:: Source data ::
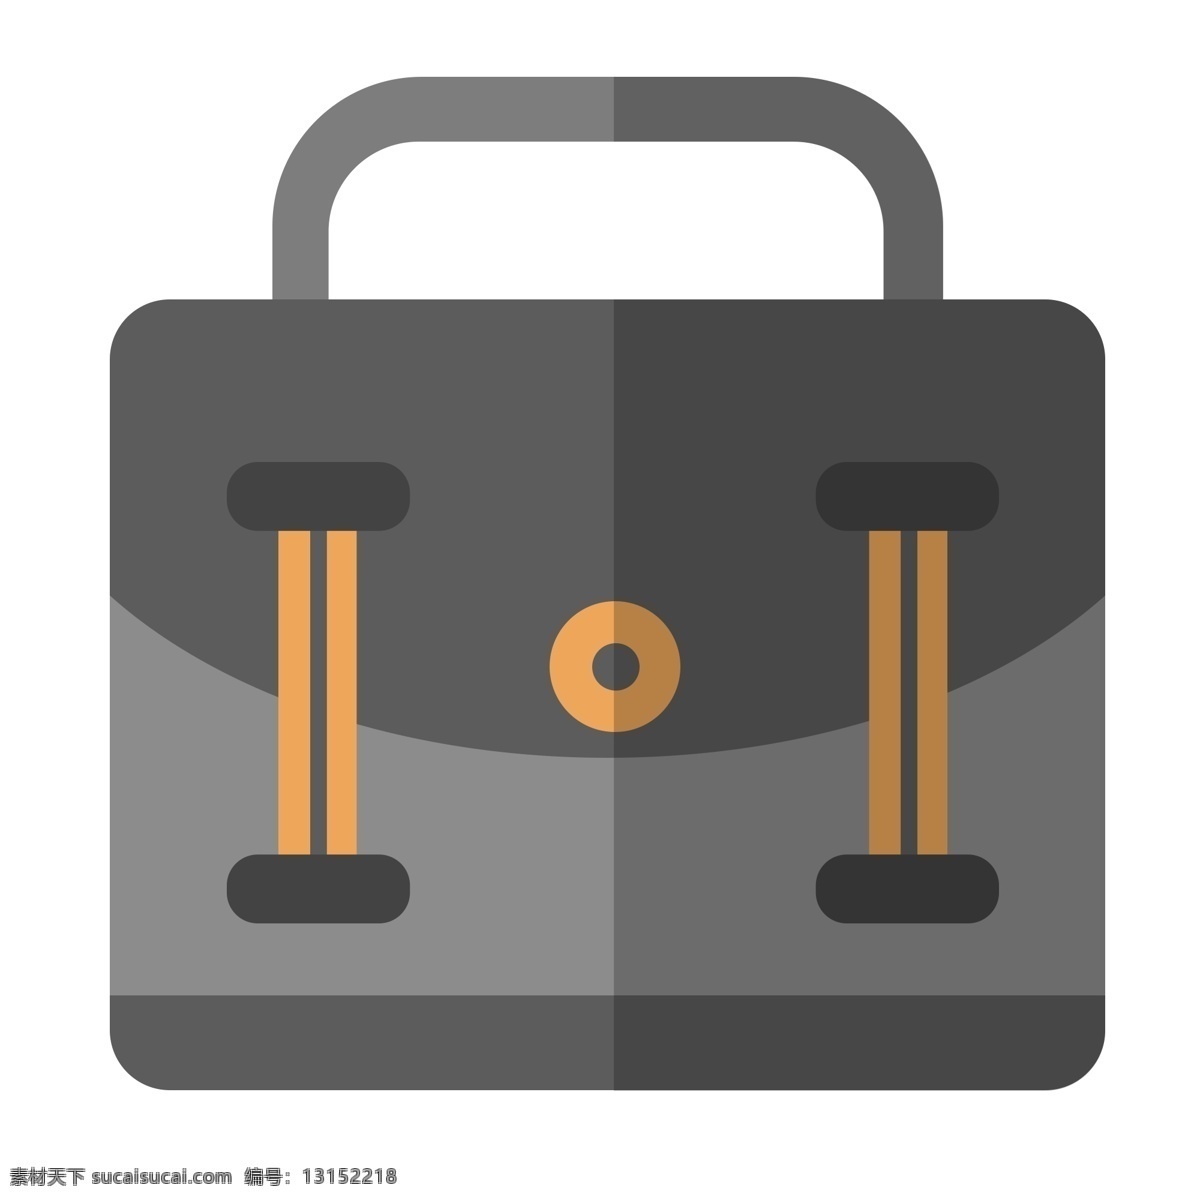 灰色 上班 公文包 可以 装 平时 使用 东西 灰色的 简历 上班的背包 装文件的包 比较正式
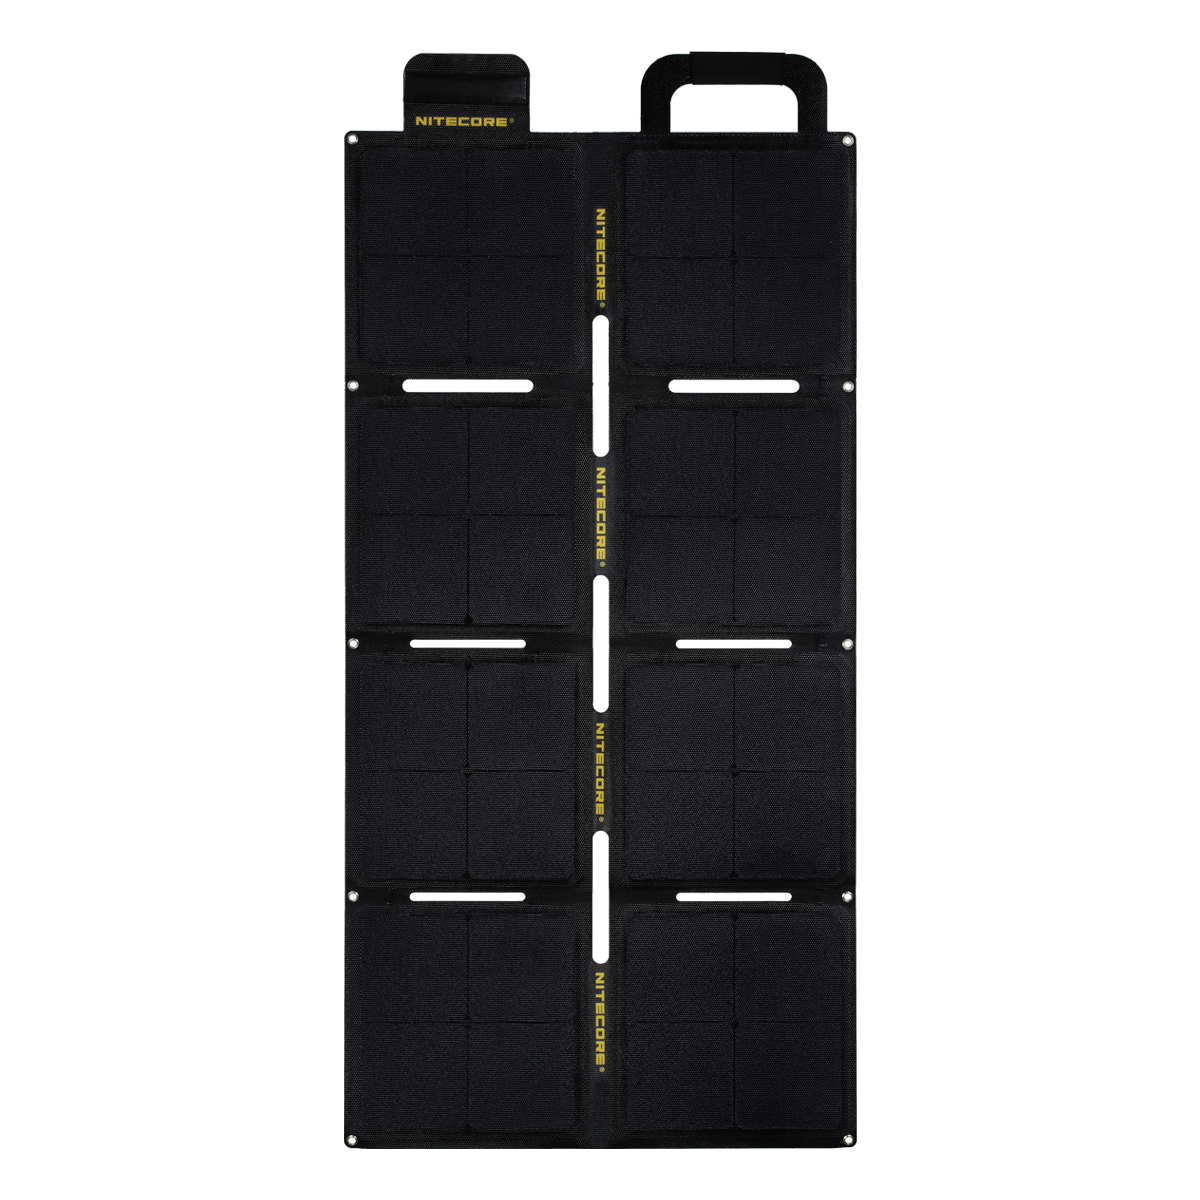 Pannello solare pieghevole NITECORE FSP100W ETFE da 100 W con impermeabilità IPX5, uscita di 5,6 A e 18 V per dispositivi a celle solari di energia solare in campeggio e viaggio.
...
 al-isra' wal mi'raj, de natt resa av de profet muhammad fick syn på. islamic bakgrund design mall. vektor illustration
* * *
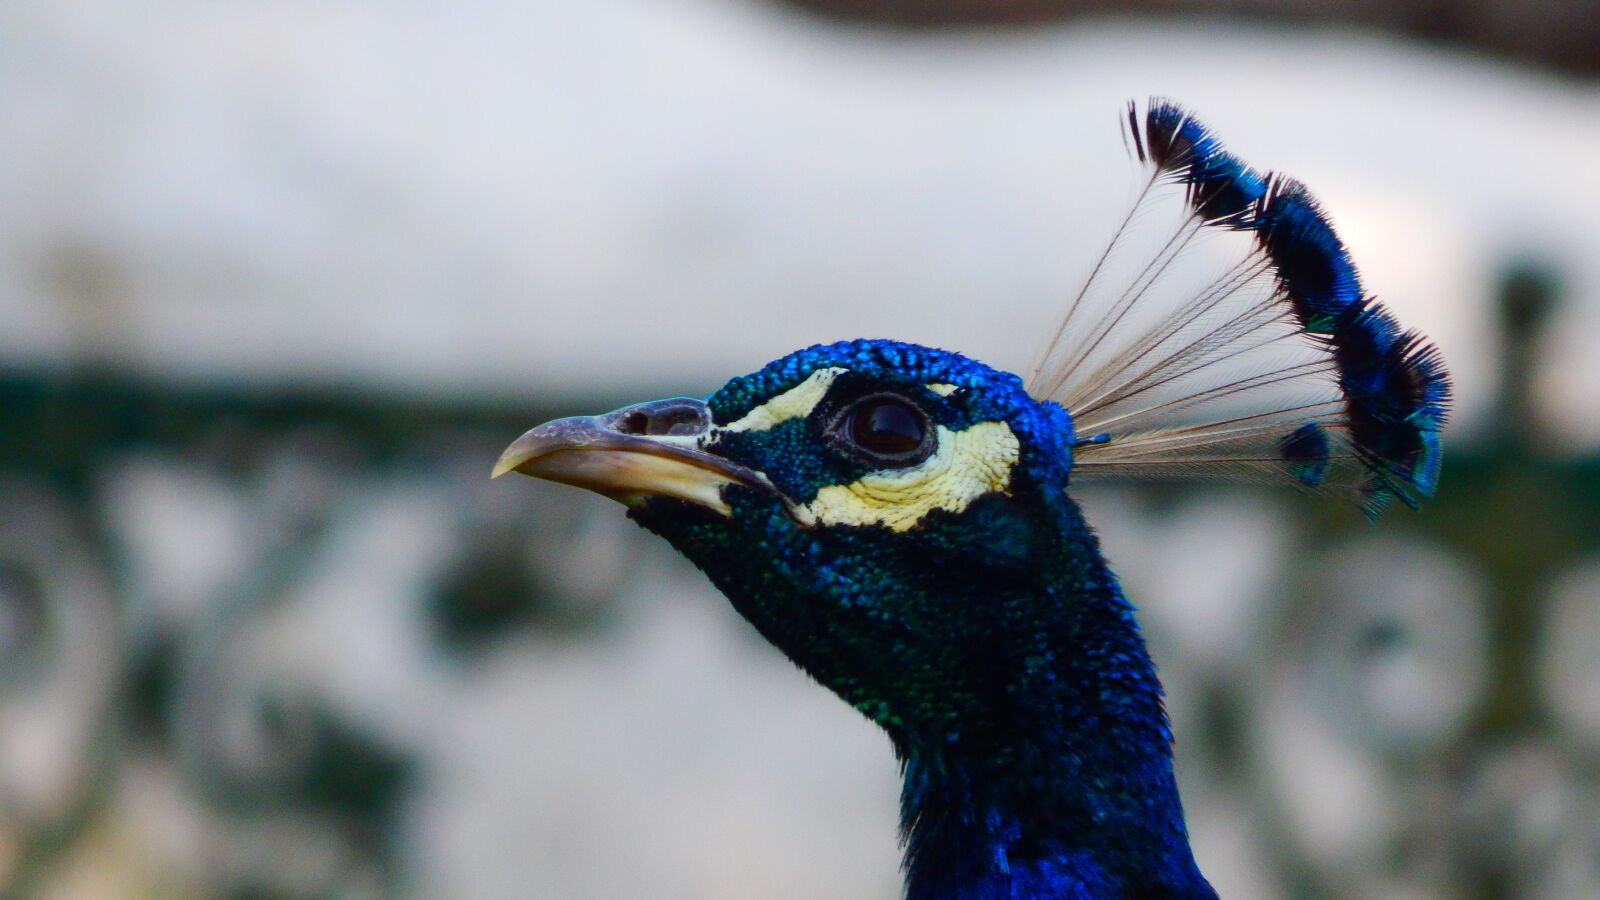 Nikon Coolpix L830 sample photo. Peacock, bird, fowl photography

:: Directions for this task ::
Of the records above, print only the lines from the one containing "灰色 上班 公文包 可以" through the one containing "Pannello solare pieghevole", inclusive and unaltered, leaving out pictures.

:: Your response ::
 灰色 上班 公文包 可以 装 平时 使用 东西 灰色的 简历 上班的背包 装文件的包 比较正式
 Pannello solare pieghevole NITECORE FSP100W ETFE da 100 W con impermeabilità IPX5, uscita di 5,6 A e 18 V per dispositivi a celle solari di energia solare in campeggio e viaggio.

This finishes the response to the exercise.